Furthermore, individual Christians who appear in this book, most of them vying for positions while criticizing others behind their backs, are men. Though gender construction of Christians in Nepal, congregation or clergies, is not presented in this book, it is unlikely to be all male. In other words, the struggle for positions within communities may not be an effect of their strong desire for viśwās, which Niwa claims is peculiar to the Protestant communities in Nepal, but may be an effect of the gender issue of men found more often than not across broad socio-cultural differences.
On the other hand, it is important to clarify how Christian communities in Nepal foster a positive and active willingness of Christians to serve God and their communities, because that is a clue to explain the significant increase in believers and churches as well as their vigorous viśwās activities in Nepal from the 1990s onwards.

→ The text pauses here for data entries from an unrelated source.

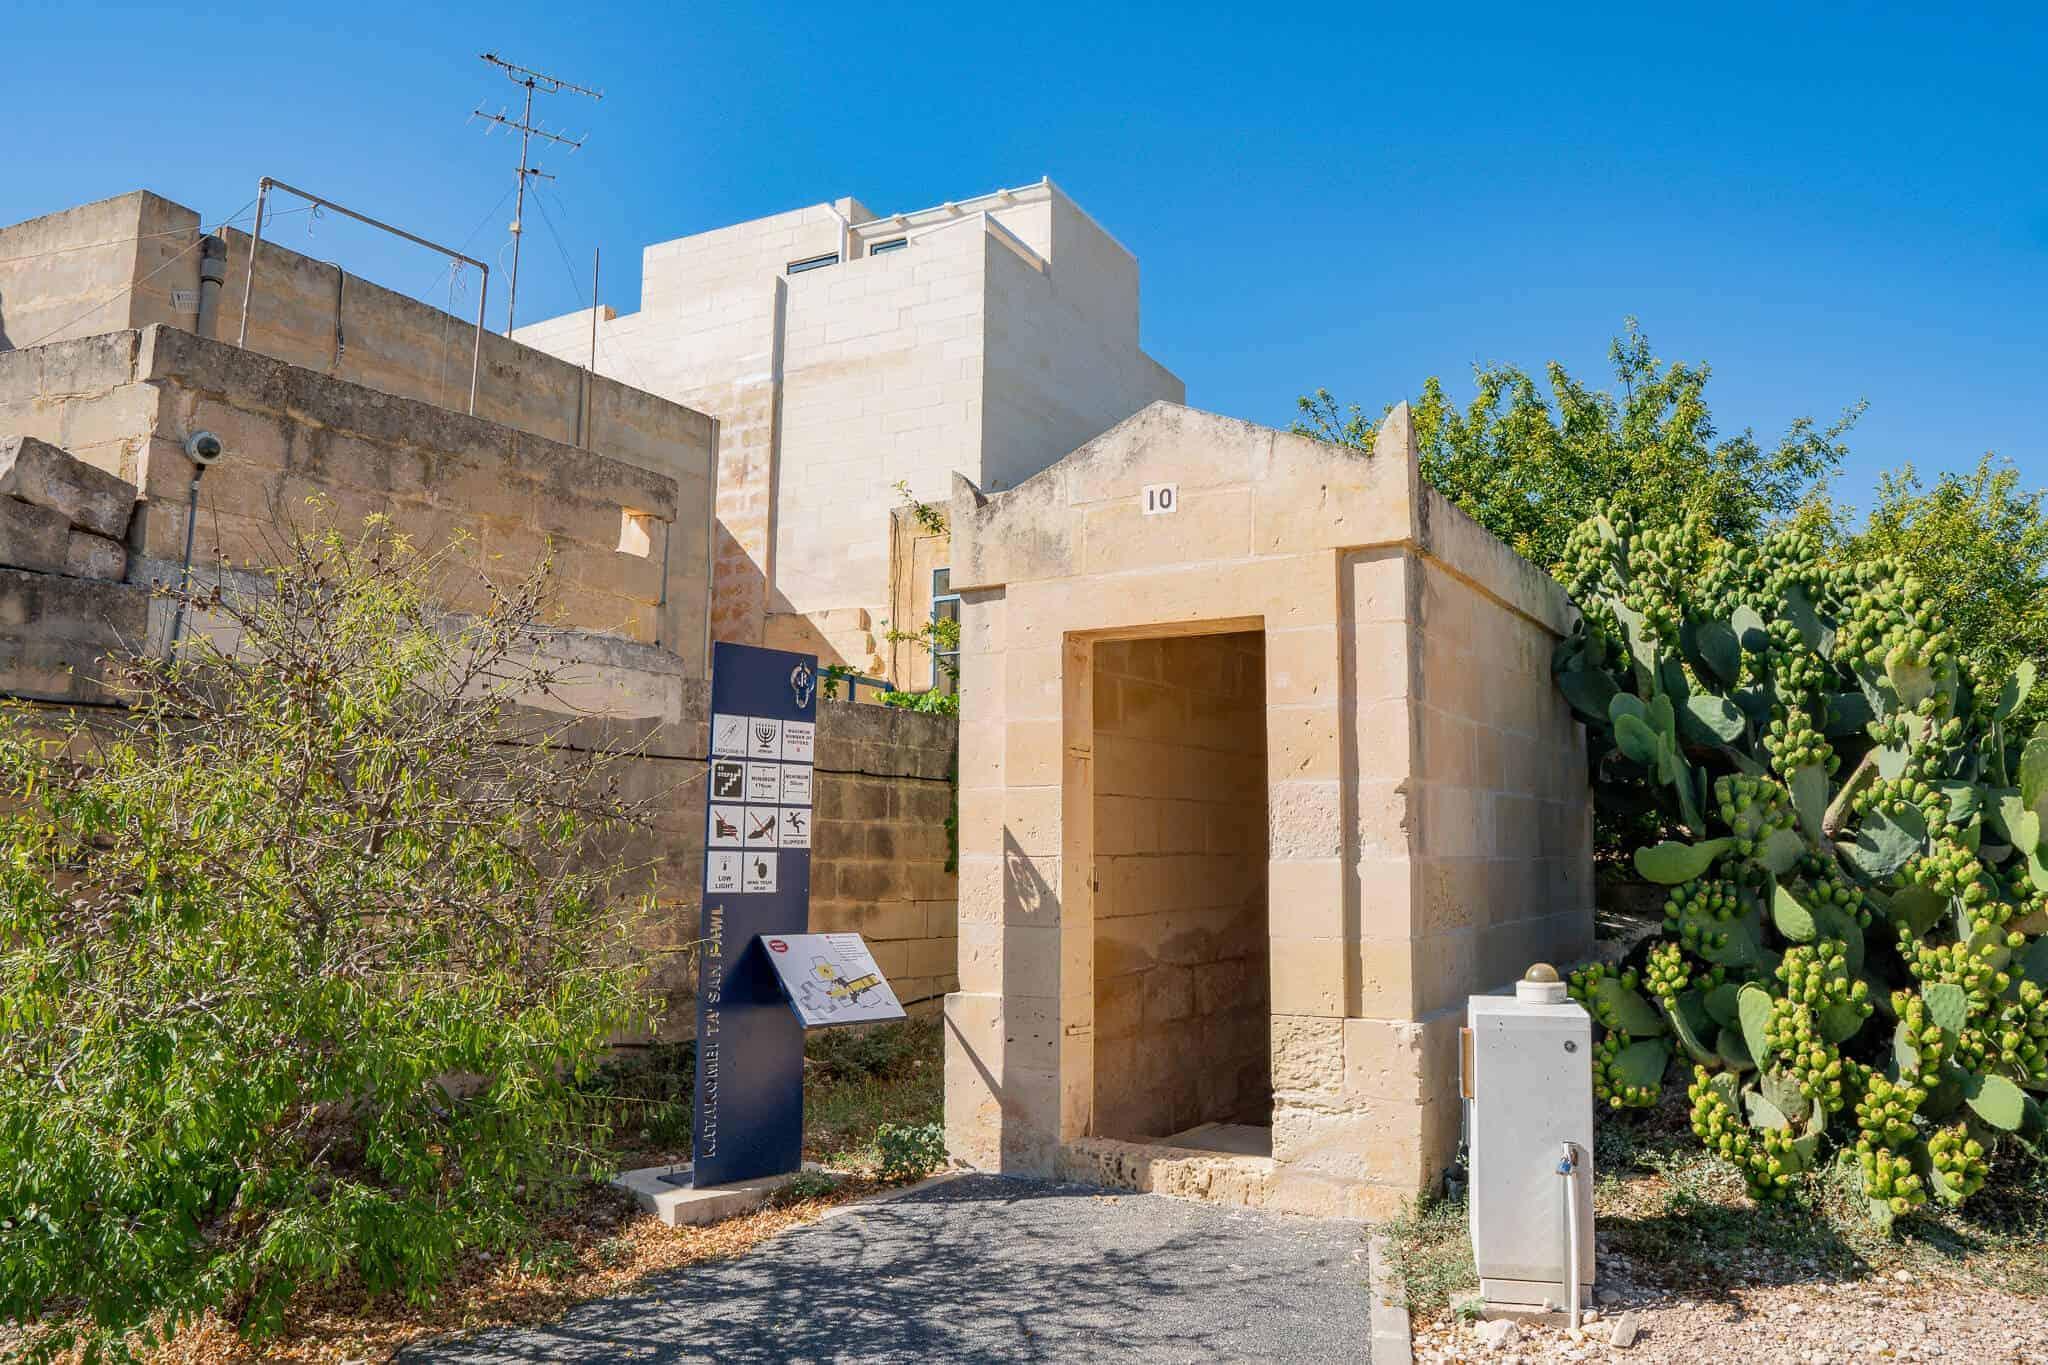 Eingang Katakomben Rabat Malta
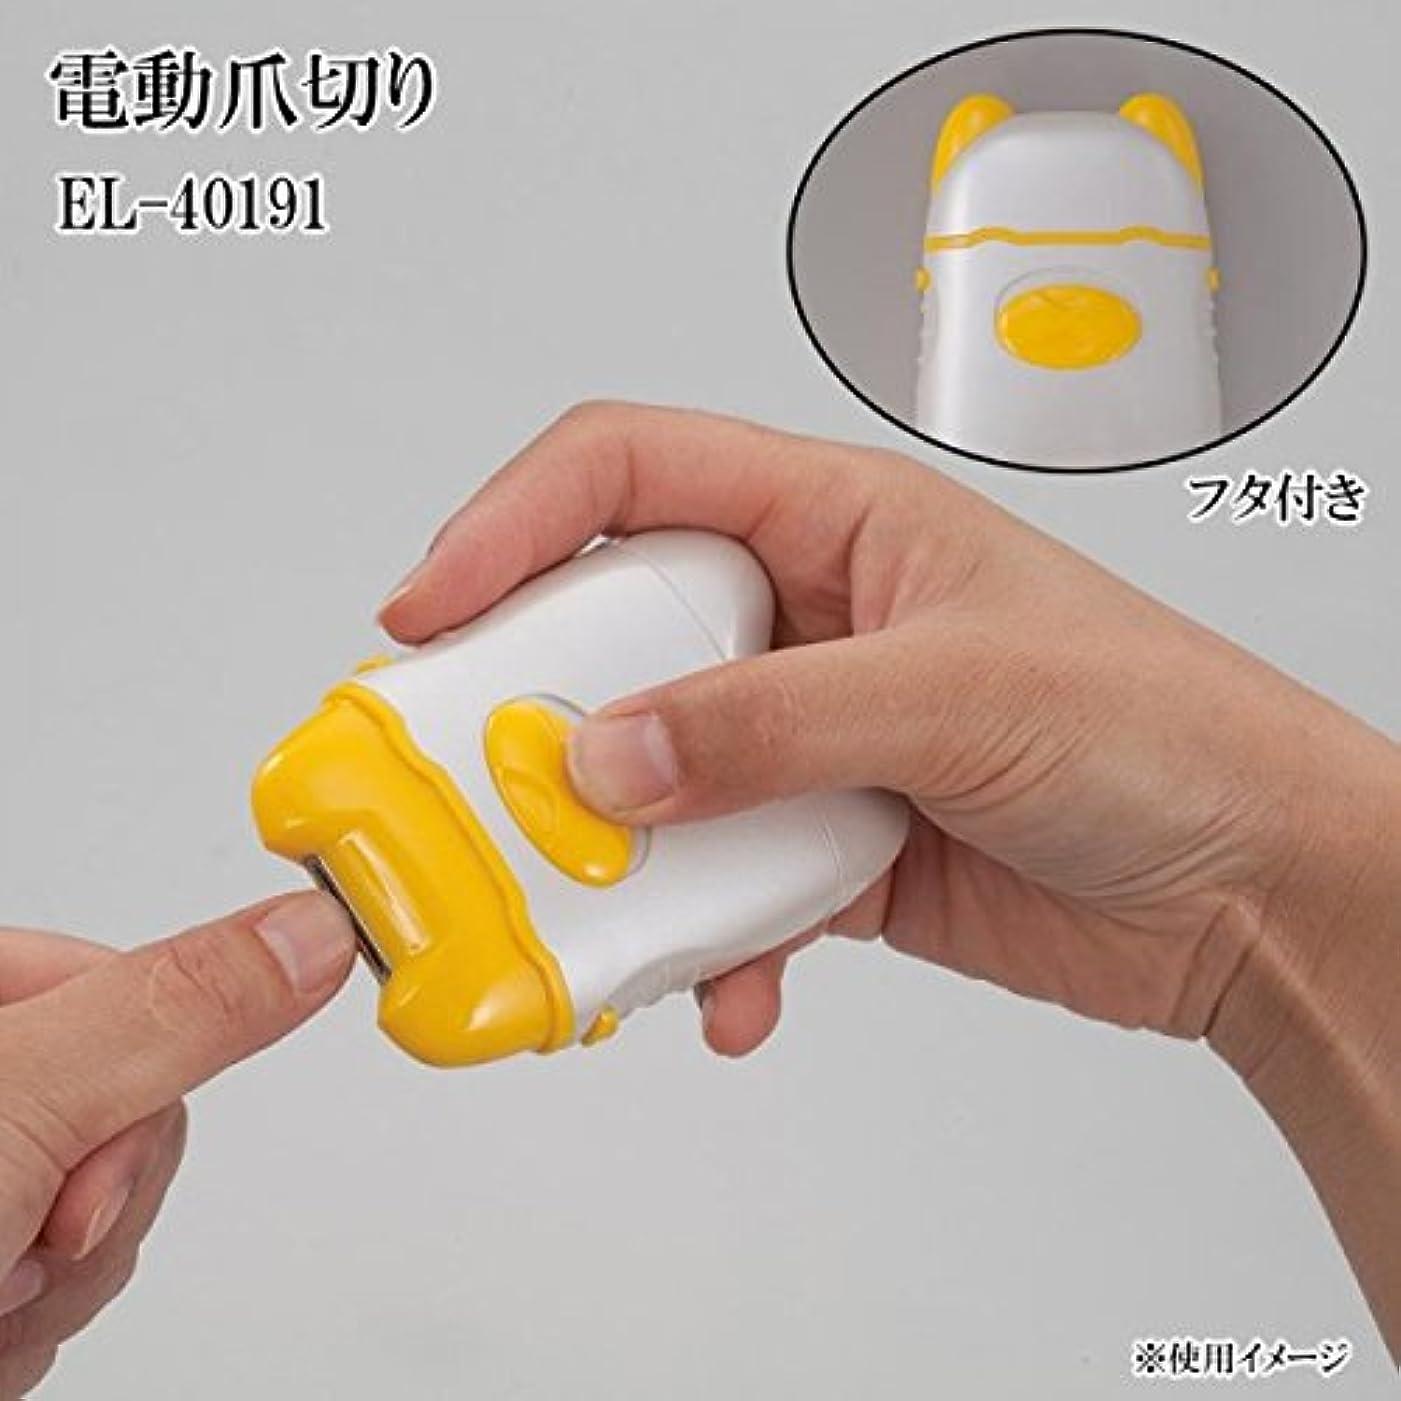 違反飢えた大破電動爪切り EL-40191 【人気 おすすめ 】
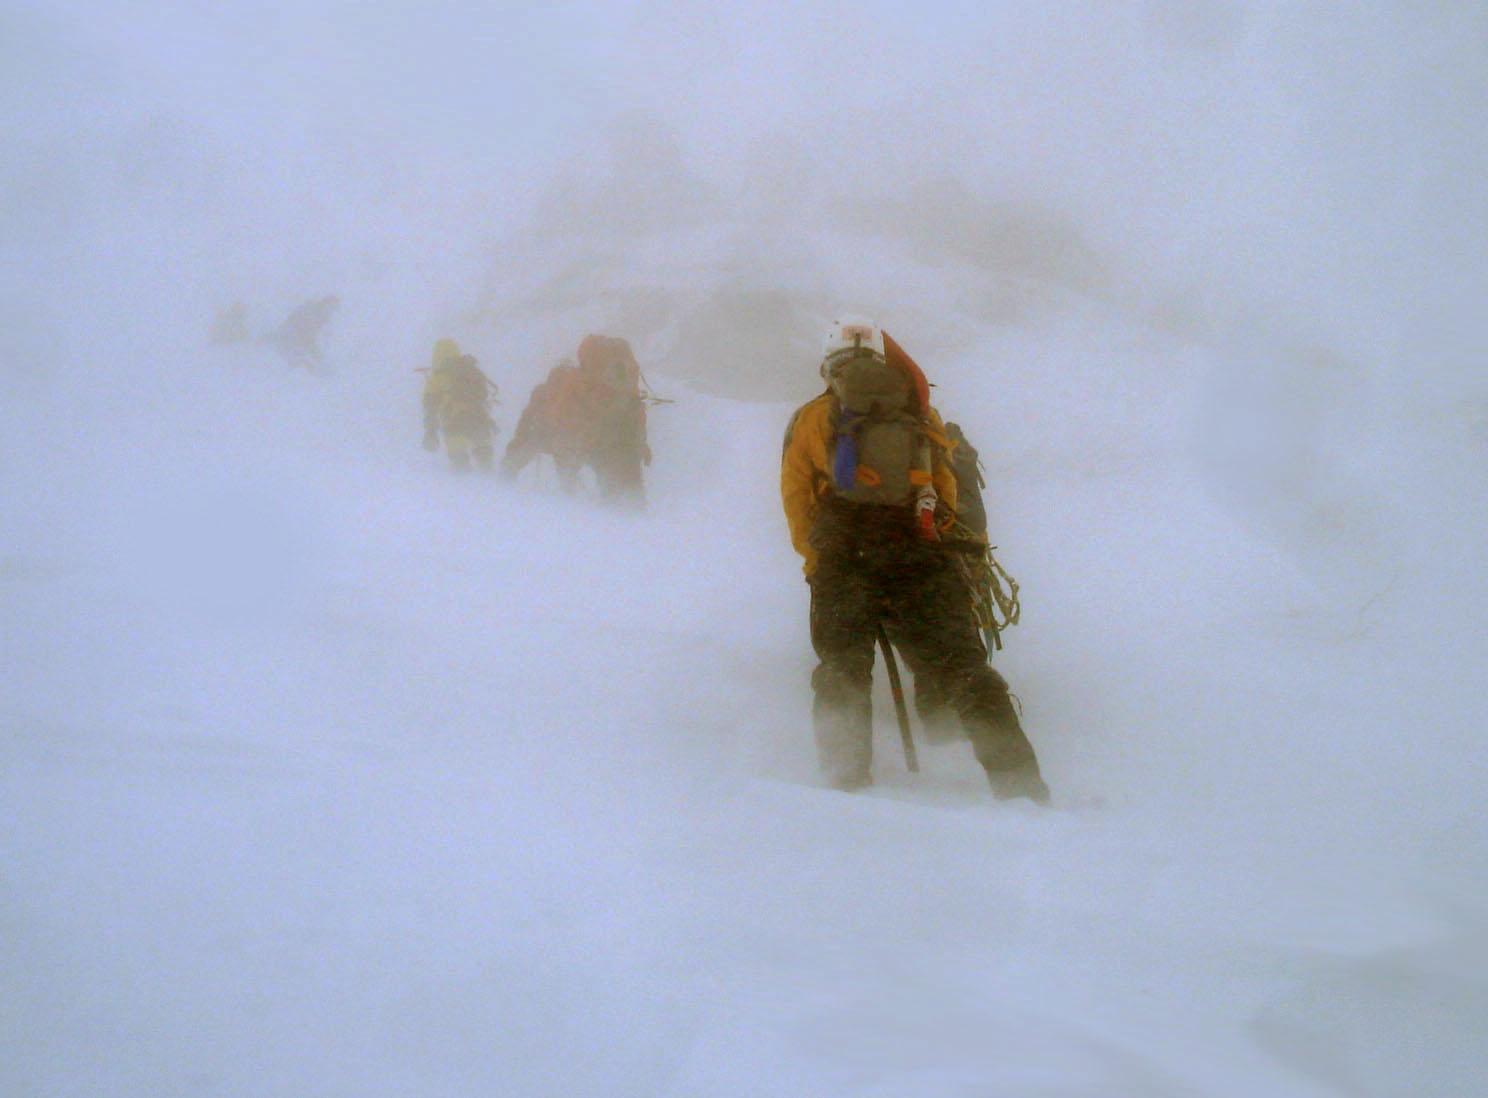 雪庇観察地点へ向かうが・・・ DSC05627
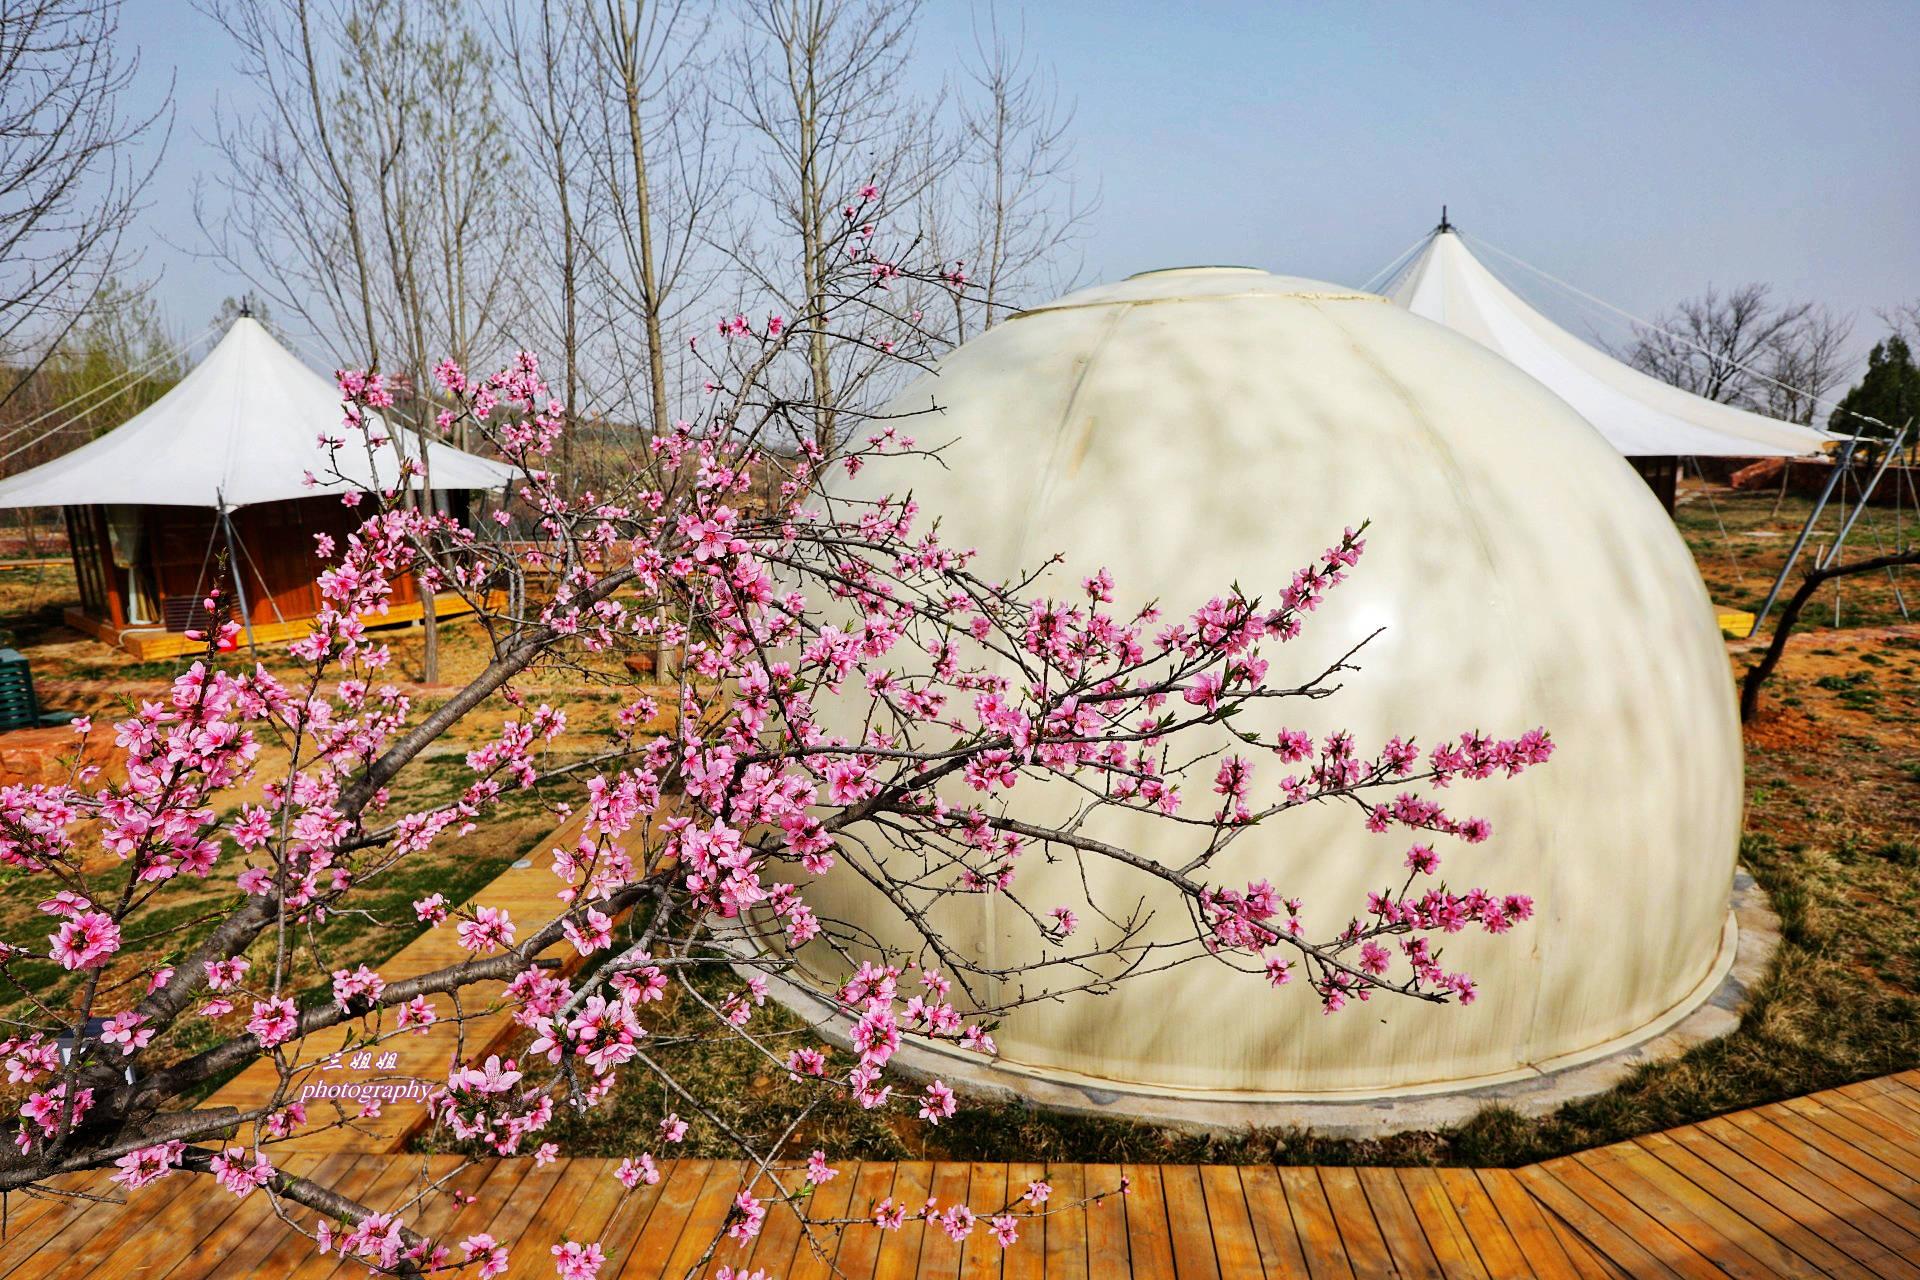 郑州春游好去处 伏羲山星空营地 圆一个看星星的美梦之旅

For reference, empirically, in Japanese churches, many believers do not hope to take up the position of elders or pastors. Serving church is so difficult, both in terms of time and spirit, that few believers are willing to take up those responsibilities. In extreme cases, some people wish to leave the church to avoid the unpaid burden of work. Such a situation seems foreign to Nepali Protestants described in this book; the book describes believers actively and vigorously trying to serve. While Niwa explains this from the strong need for proof of viśwās amid “distrust” within the communities, this must be further questioned.
Although prevalent distrust and resulting communication difficulties may have some unintended, ironic effects to help sustain communities, it means neither that the communities stand on those negative emotions and behaviors nor that there is no mutual trust in communities. It should rather be interpreted as that the communities are maintained in spite of strife or negative emotions. Other aspects should be considered as the basis for their remarkably vigorous viśwās activities. Actually, the book’s ethnographic description of concrete community activities and individual participation is rather thin. It is not clear from the book how churches conduct worship, prayer meetings, regional home meetings, bible study groups, Sunday school for children, seasonal events, and so on, and how individual Christians pray, worship, and participate in these occasions. In other words, the attraction and enjoyment that churches bring to individual Christians is not clearly described. Most laities in churches do not necessarily want to take a responsible role to prove their strong viśwās. Each Christian’s diverse practices based on their viśwās—how individual Christians live out their belief and how their faith is rooted in their lives—should have made an important part in the discussion. Surely, the current Christian communities in Nepal are formed by a combination of various factors, not limited to seeking for the proof of “strong viśwās” and “the prevalence of distrust.”